◆ **Your task**
Line by line, the data below should be set down unchanged, with images excluded.

◆ **Dataset content**
* * *
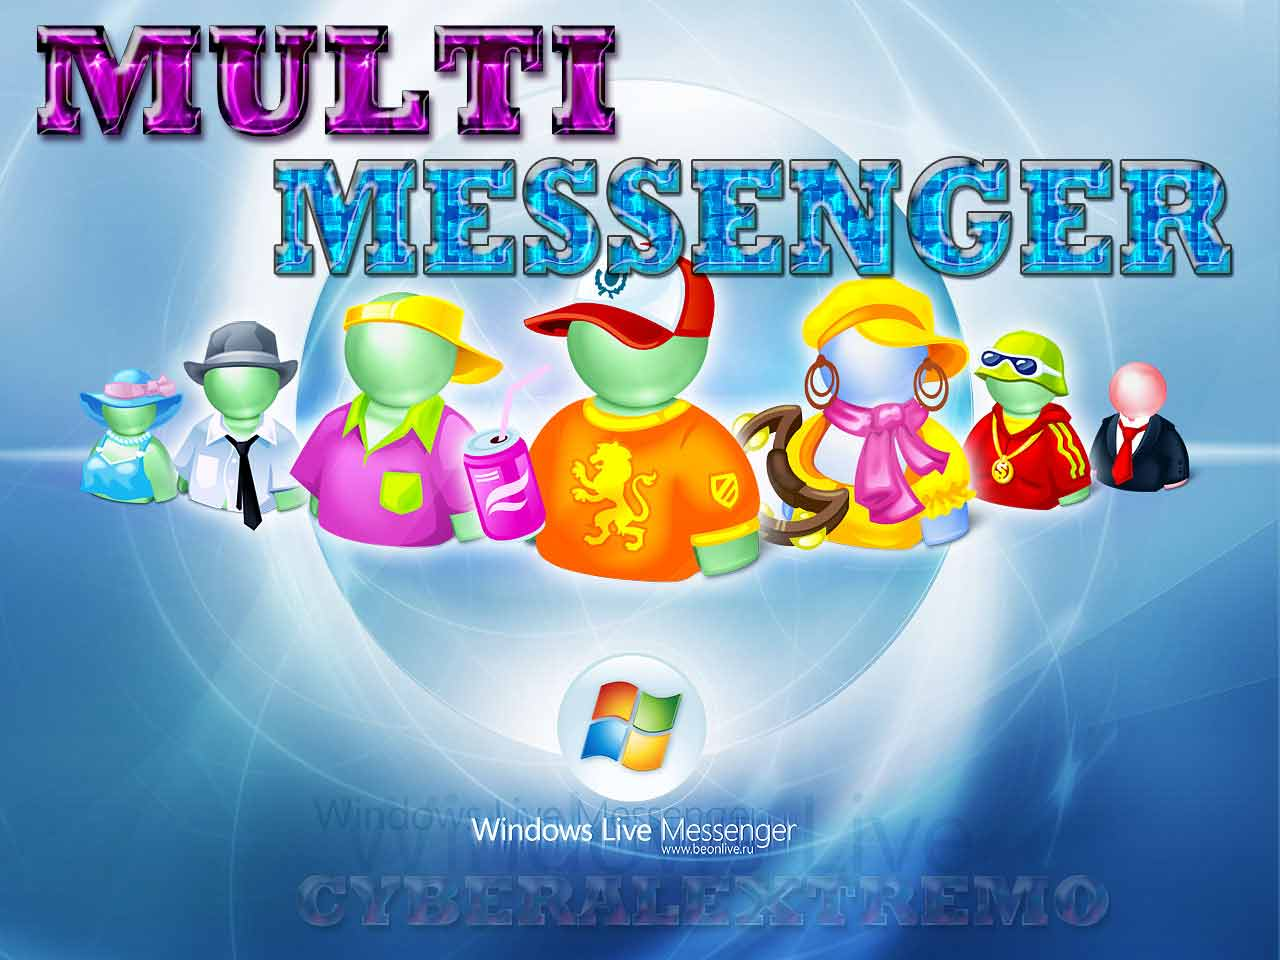 2009 POLYGAMY TÉLÉCHARGER MESSENGER MSN
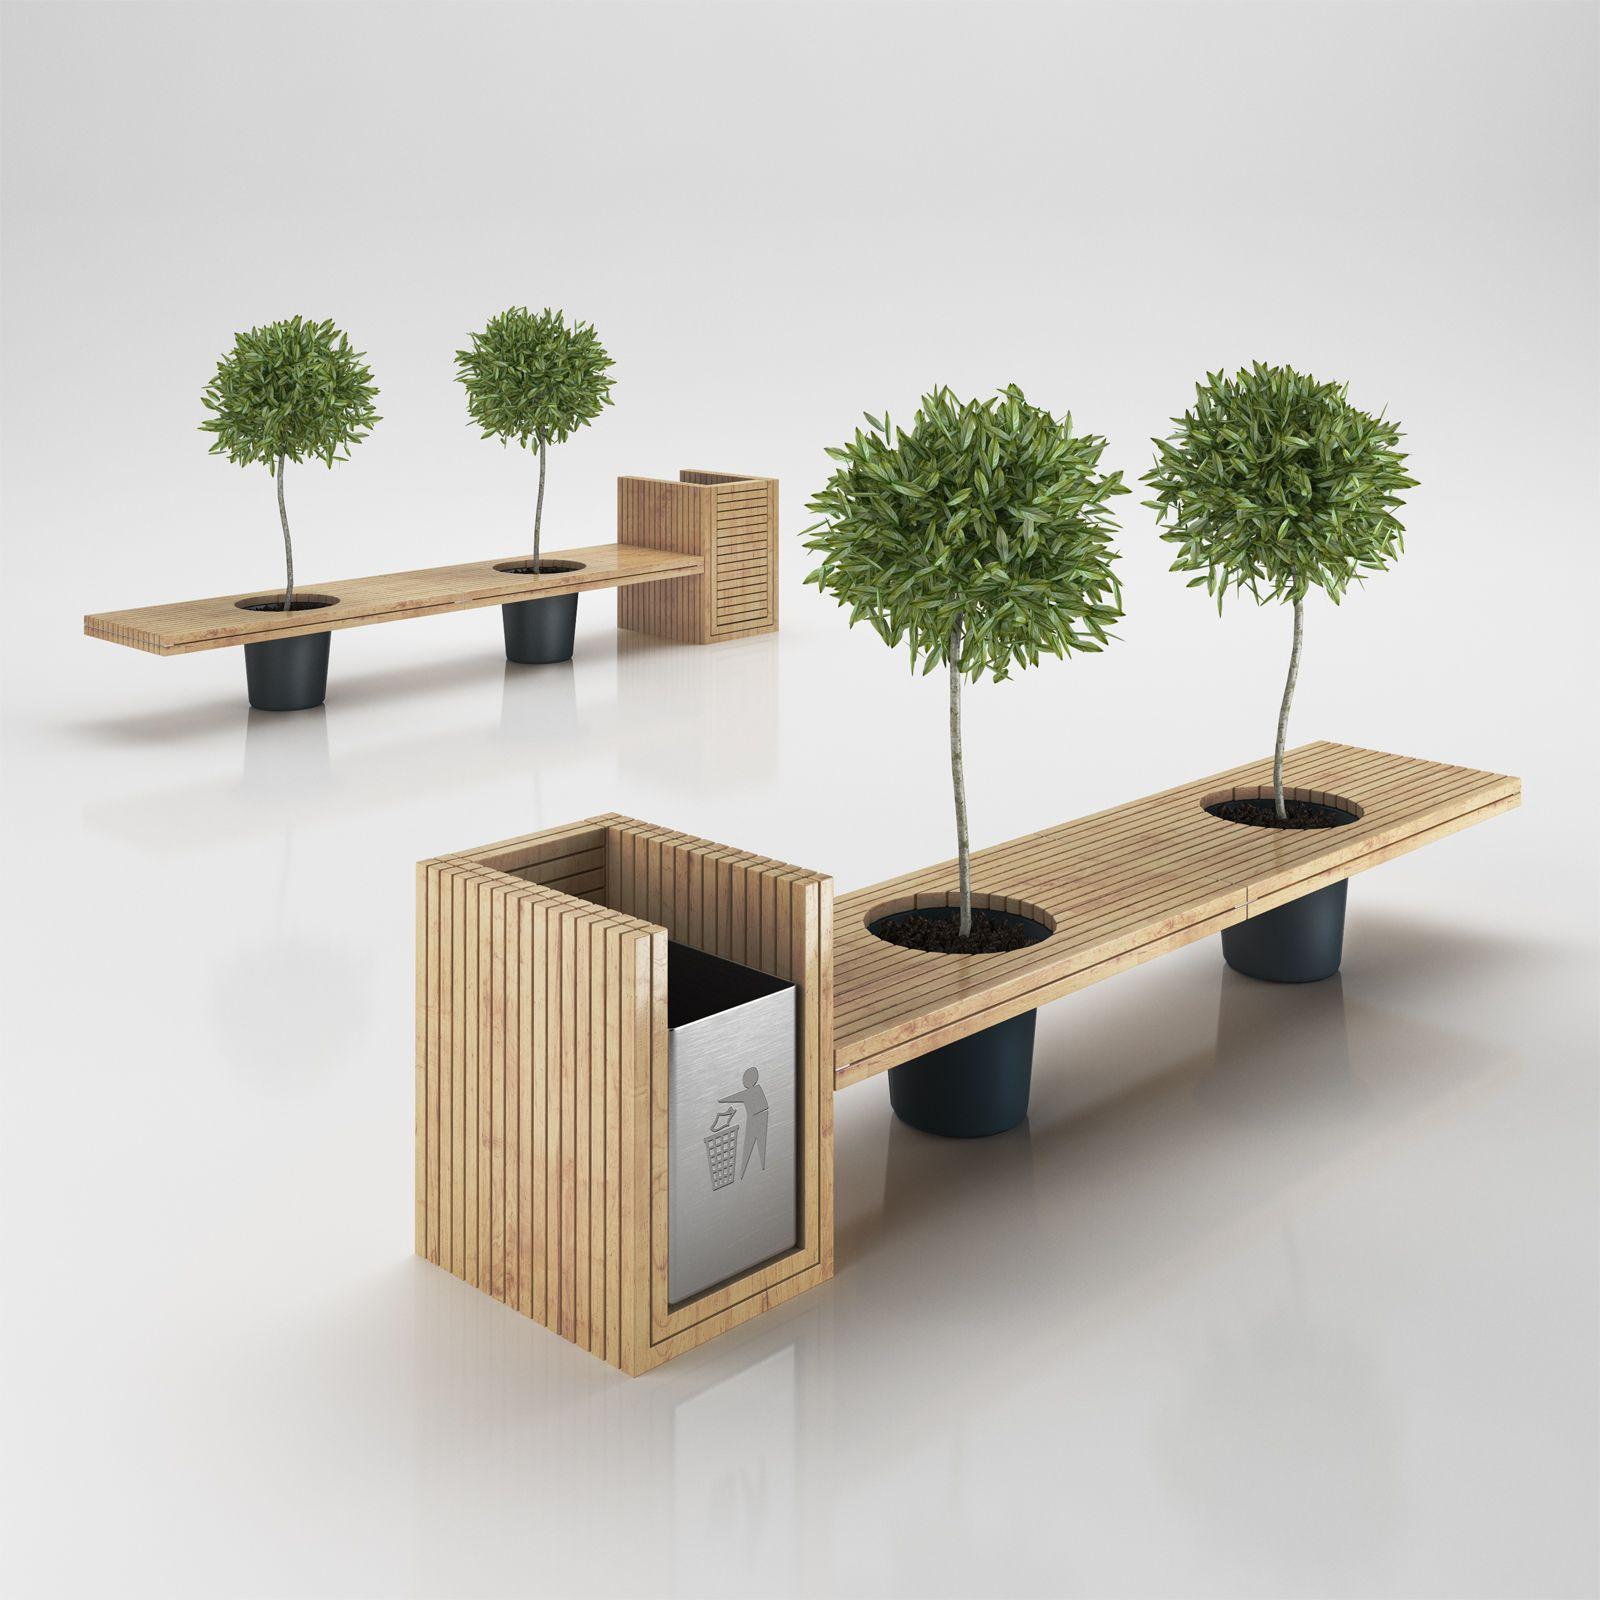 wooden eco design bench with integrated trash bin 3d model d5 pinterest eco design. Black Bedroom Furniture Sets. Home Design Ideas
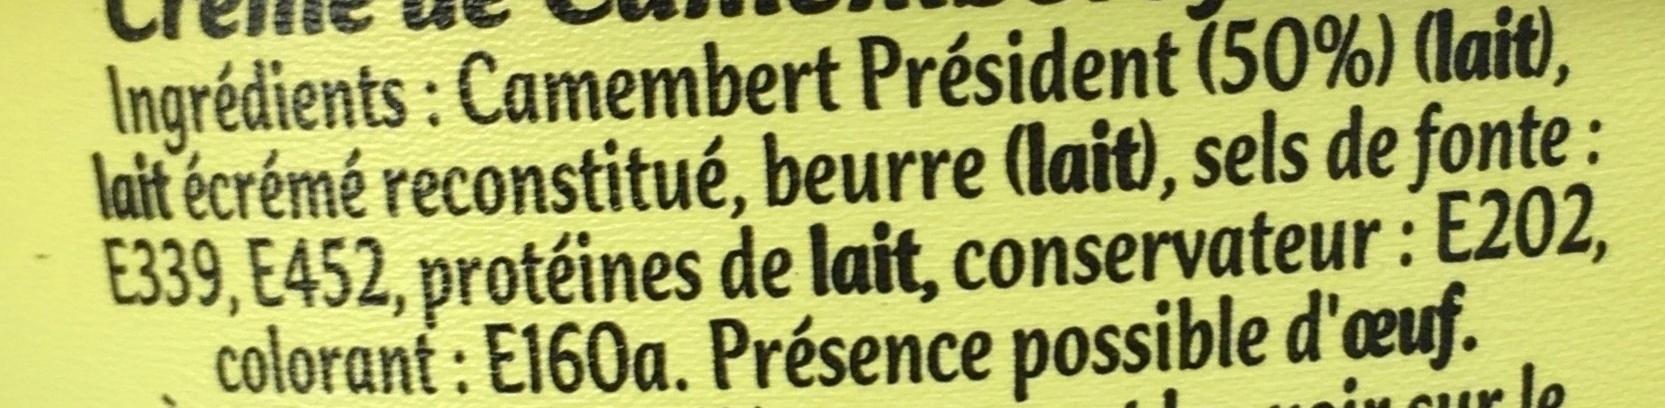 Crème de camembert à tartiner - Ingrédients - fr
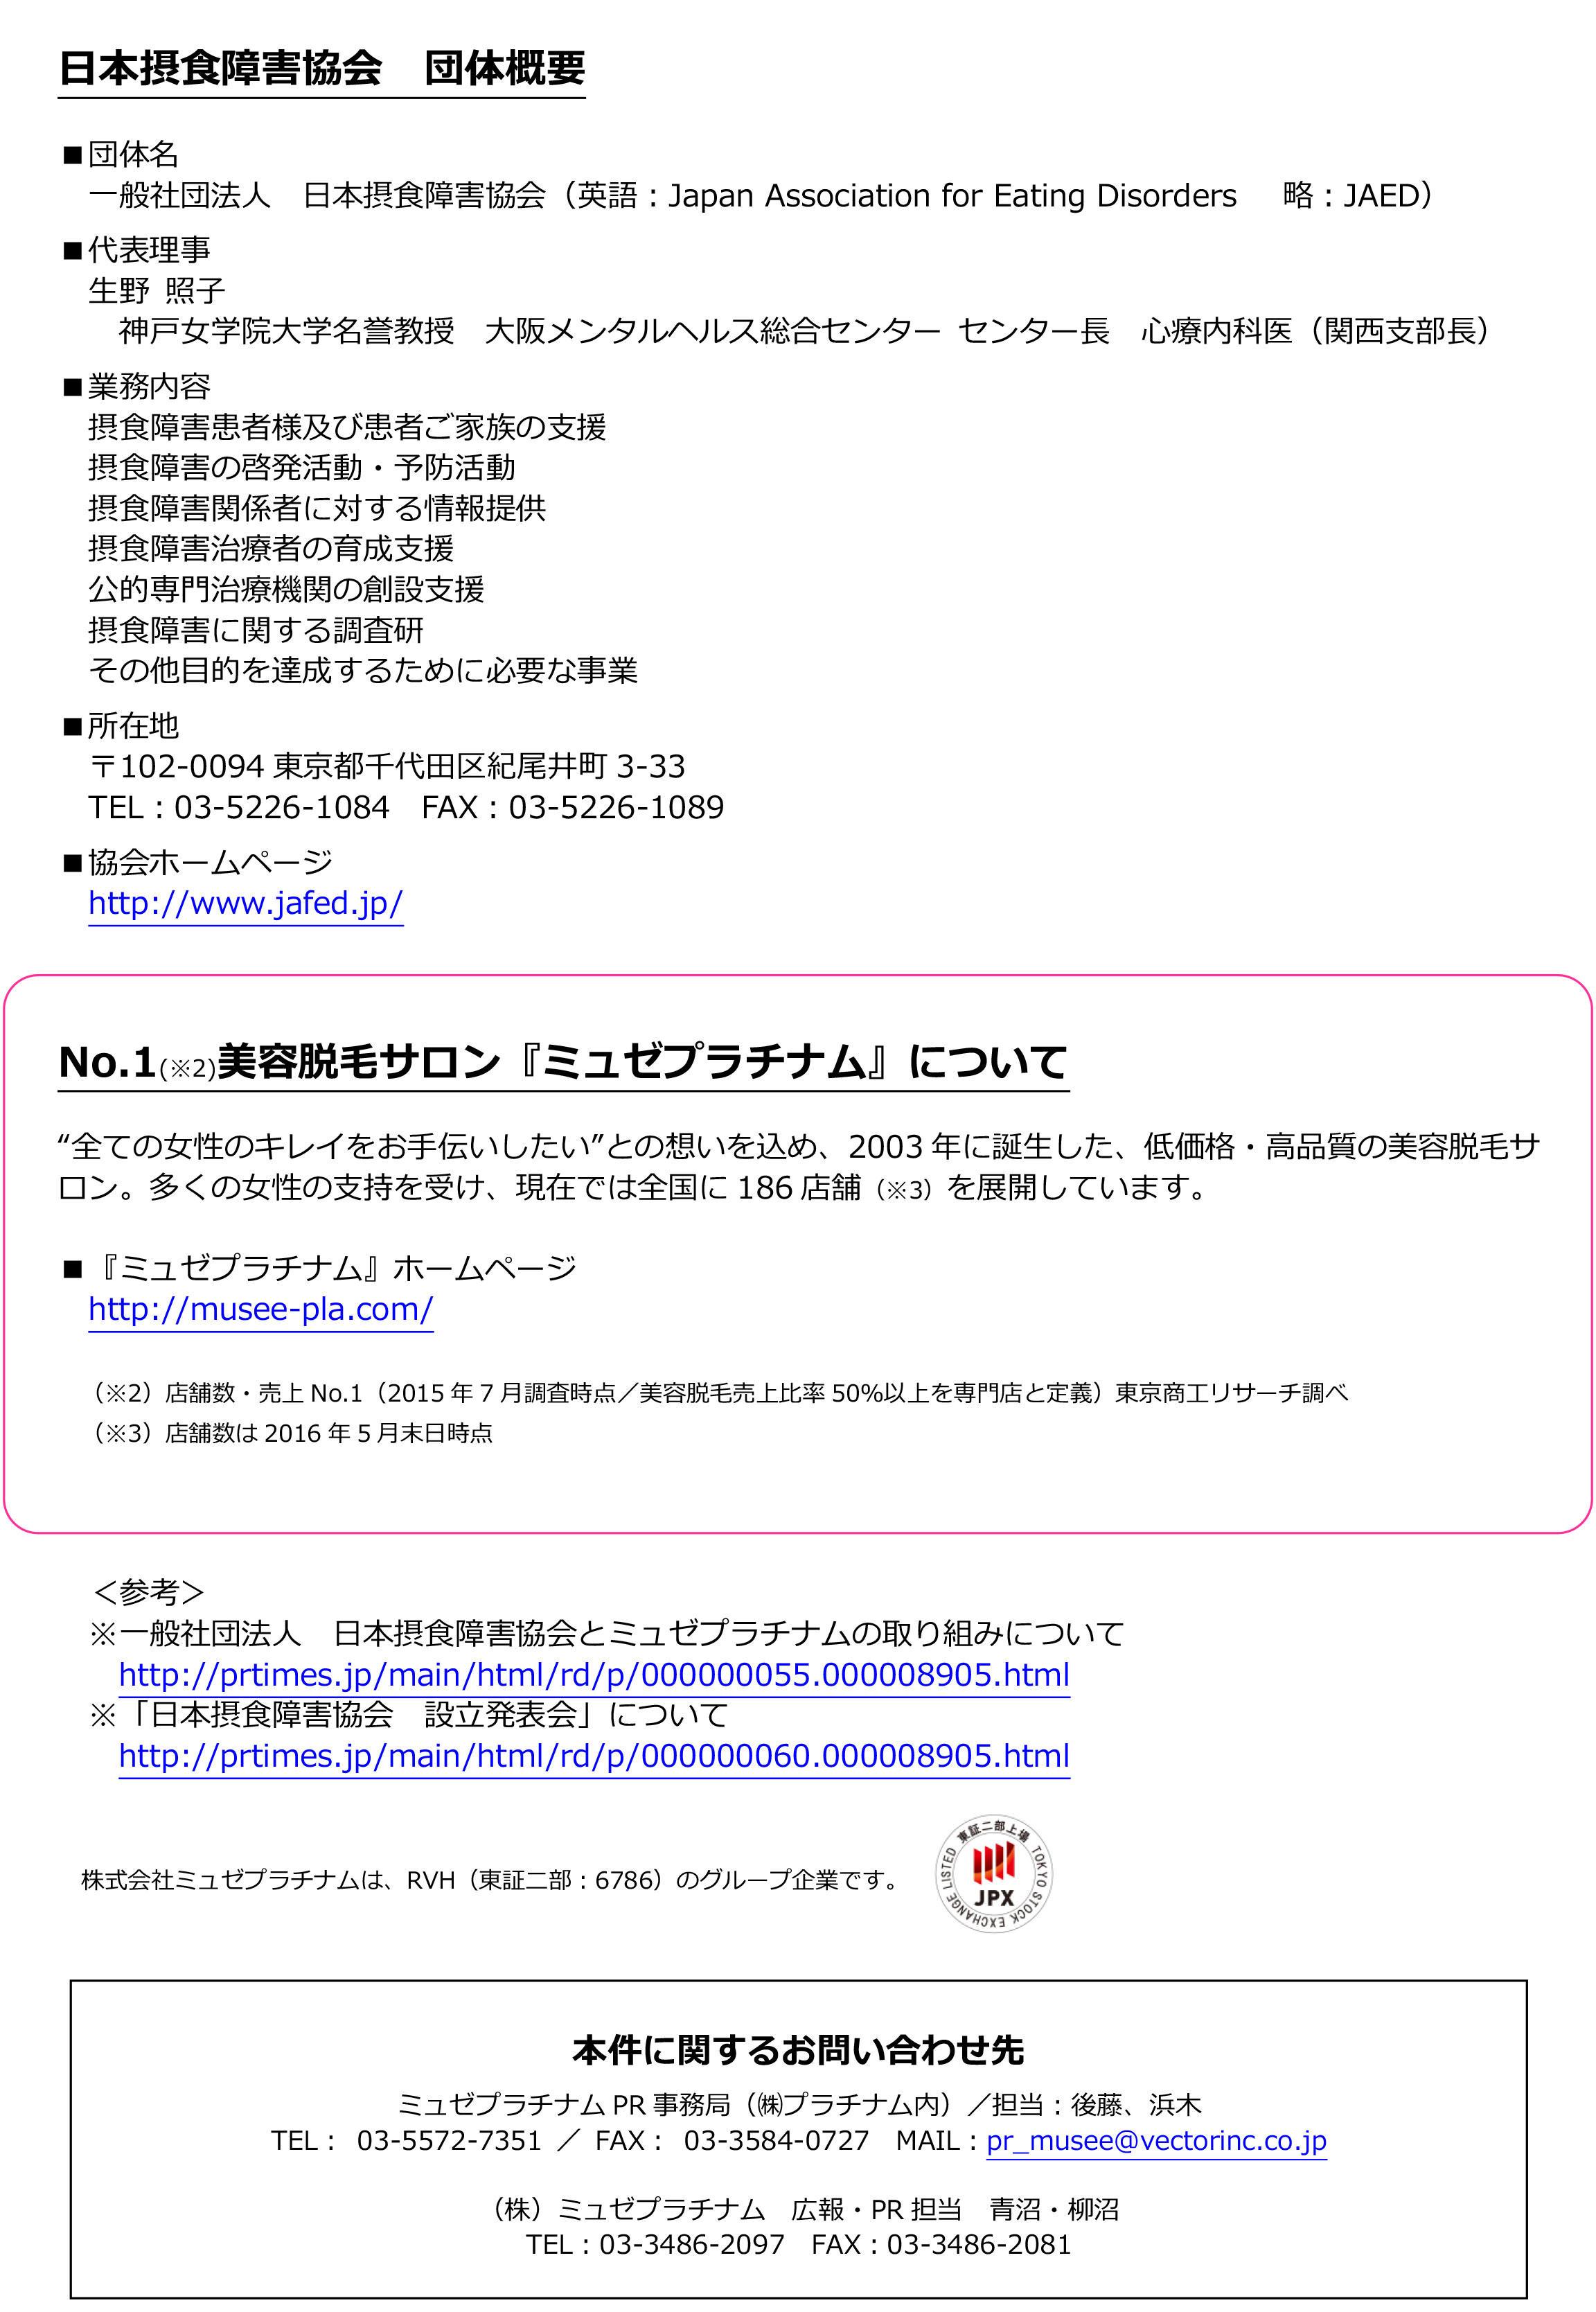 info160603-2.jpg
* * *
◆ **Output for this task**
 2009 POLYGAMY TÉLÉCHARGER MESSENGER MSN
 wooden eco design bench with integrated trash bin 3d model d5 pinterest eco design. Black Bedroom Furniture Sets. Home Design Ideas
 Crème de camembert à tartiner - Ingrédients - fr
 info160603-2.jpg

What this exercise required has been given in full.